In the early 1900’s the Southern and Southeastern Unions of Seventh-Day Adventists engaged Ms. Anna Knight (a former school teacher and nurse) to coordinate black SDA educational work in the south. As a result of her efforts to raise the consciousness of Adventists regarding the state of black SDA schools and her work in standardizing curricula, black Seventh-Day Adventist schools were opened in several southern cities. Included among these schools was the elementary school in the Nashville, Tennessee area.

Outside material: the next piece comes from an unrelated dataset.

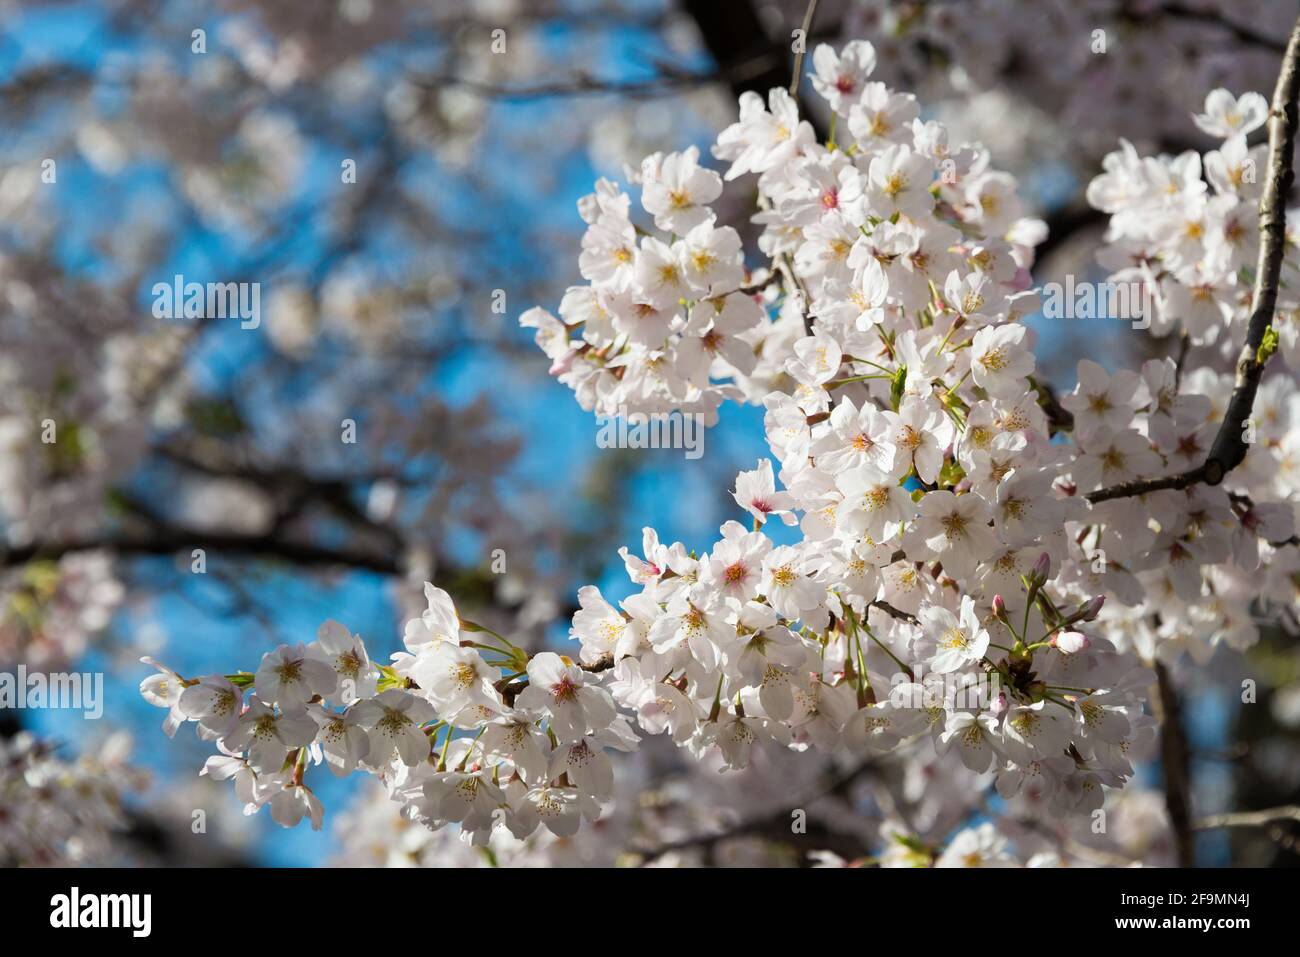 Tokyo, Japan - Cherry blossoms in Ueno Toshogu Shrine, Ueno Park, Taito, Tokyo, Japan. Stock Photo
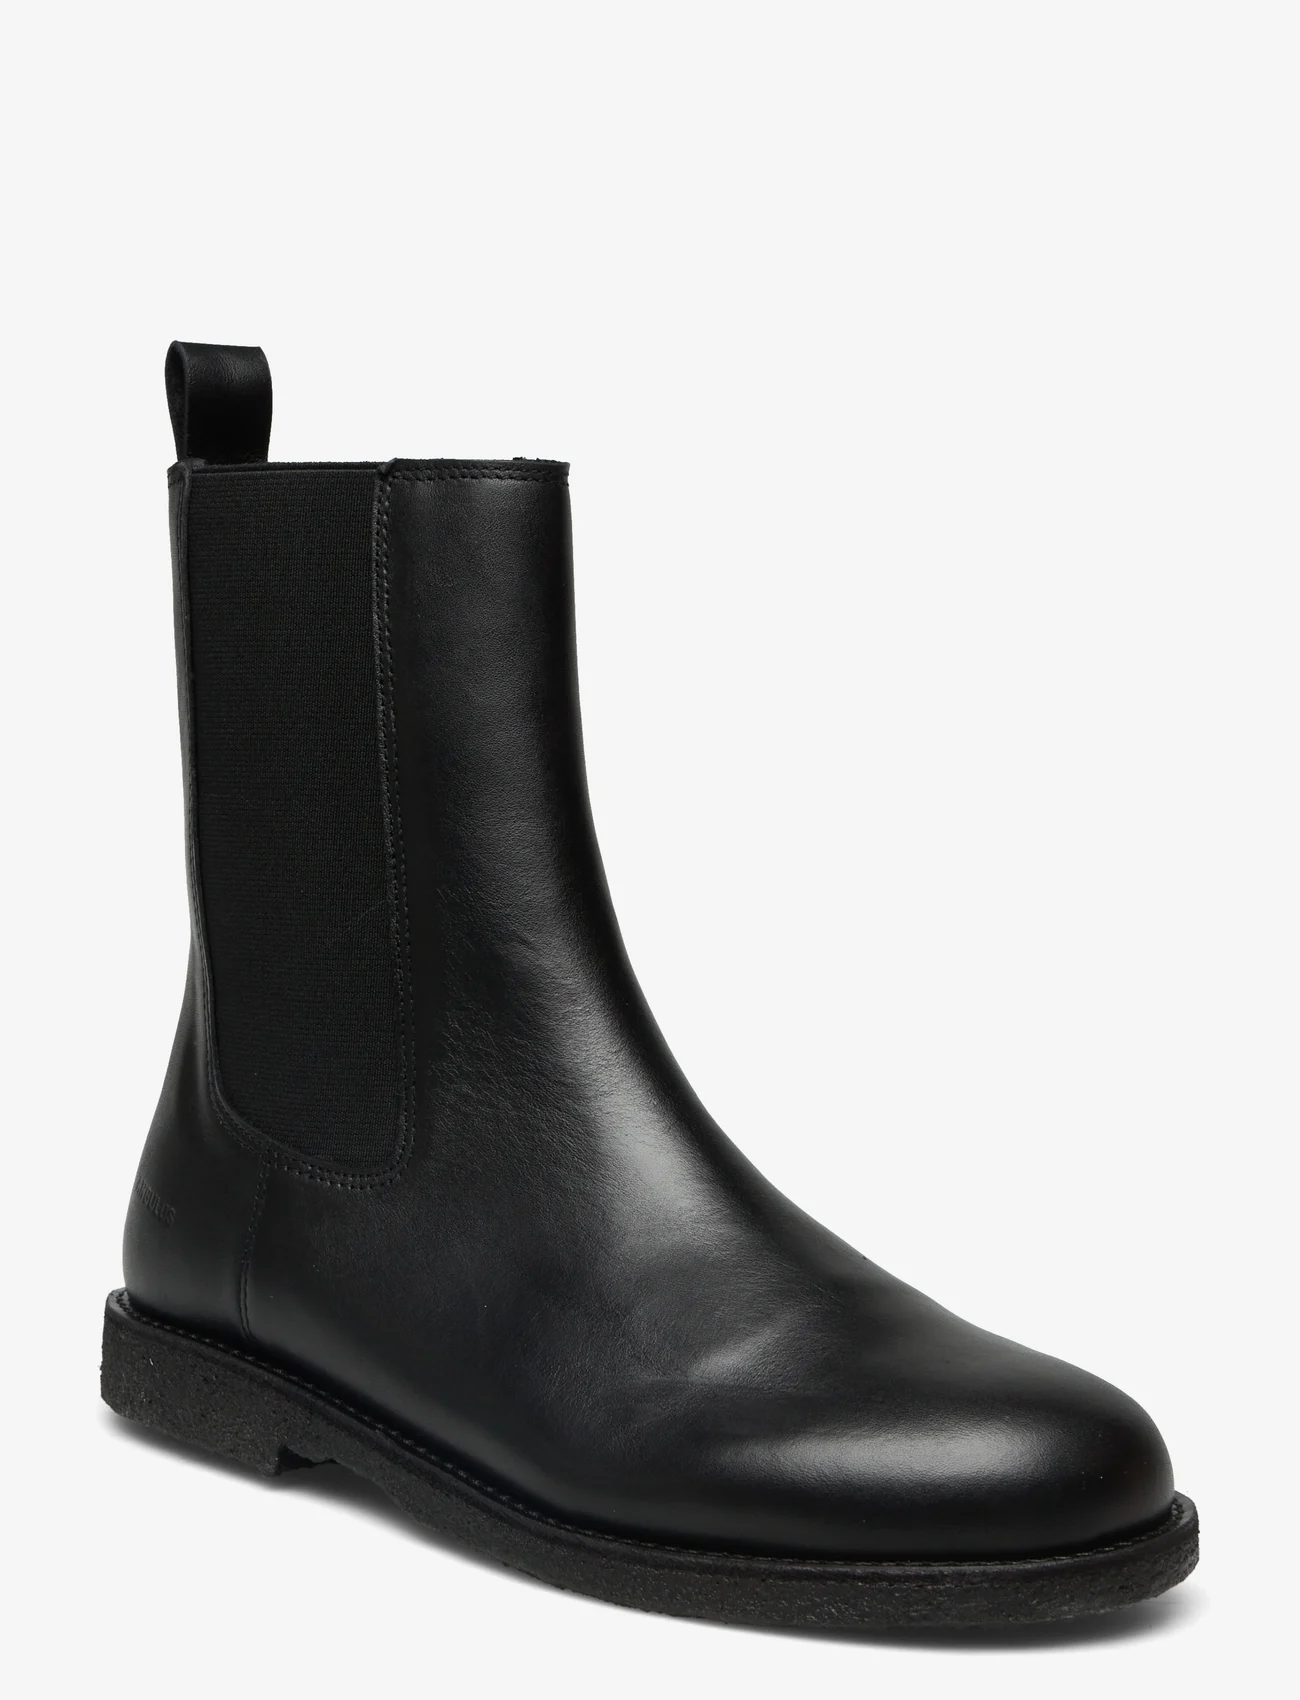 ANGULUS - Boots - flat - chelsea stila zābaki - 1604/001 black/black - 0

The forerunner of F. H. Jenkins was the Edgefield Junction School which started around 1909 and was associated with the Edgefield Junction Seventh-day Adventist Church.  The church experienced several moves (from Edgefield Junction to Winter Street to 12th & Meharry Boulevard) from the early 1900’s to the 1920’s carrying the school with it.

 

From the 1920’s through the late 1960’s the school was housed at the 12th and Meharry Boulevard location in the Meharry Boulevard SDA church.  Among the teachers of note from the Meharry location were Mrs. Marie Warnick, Mrs. Brantley, Mrs. Julie Wesley, Mrs. Britten, Mrs. Bernice Reynolds, and Mrs. Custard.  Notable among the children who were educated during this era was Carl T. Rowan, a student in the thirties, who later became a United States ambassador to Finland, head of the U.S. Information Service,  a syndicated newspaper columnist, and a television/radio commentator.

 

In the early 1970’s the school experienced another move when the Meharry Boulevard church moved to 25th Avenue North and became the Hillcrest Seventh-day Adventist Church. The school took residence in the church’s Child Development Center located at 2010 24th Avenue North on the church’s property. During the 1940’s a second African-American Adventist church school was established and was located on the campus of the Riverside Adventist Sanitarium/Hospital. This school was sponsored by the Riverside Chapel Seventh-day Adventist Church. Druillard Hall is where the school was initially housed. Both schools serviced grades one through eight and for many years the schools operated separately.

 

Historically it has been recalled that Fitzgerald Huntington (F.H.) Jenkins had joined the South Central Conference of Seventh-Day Adventists in the capacity of Youth Director and Educational superintendent of schools in 1955.  As a promoter of our private church school system he was sensitive of the cost to students and teachers due to the heavy teaching loads that all of the teachers carried.  According to an article written by his wife, Mrs. V. Jenkins, Elder Jenkins felt the Nashville situation could be changed.  “Why,” he mused, “should this city have two eight-grade schools, each taught by one teacher, their dedication and efficiency notwithstanding?  How much more effective the teaching and learning could be if teaching loads were lighter, cut in half.”  He felt that the plan of becoming one could become a reality with Unit I and Unit II (which was what the Hillcrest  and Riverside locations became known as respectively).

 

It was during the late 1960’s that the constituent members of the African-American SDA churches in the area (Hillcrest and Riverside Chapel) decided to unify the two separate school programs. Shortly after the sudden death of Elder F.H. Jenkins in 1968  it was announced at a school board meeting by Elder Charles D. Joseph, then pastor of the Hillcrest church, that the Hillcrest and Riverside churches had voted to operate one school together under the legal name of F.H. Jenkins Elementary School. The pastor of Riverside Chapel at that time was Elder Lee Paschal.

 

The schools operated as a unified institution at the two locations for a number of years.  In the early years of this consolidation a small building was constructed on the site of the former Riverside hospital property at 814 Youngs Lane where grades five through eight were taught until the new school building could be completed. The Hillcrest church’s site housed grades one through four.  The needs of each physical plant were met by the individual churches while the subsidies and teachers’ payroll were divided equally between the churches.  Mrs. Sarita Coopwood was elected by the school board to serve as treasurer.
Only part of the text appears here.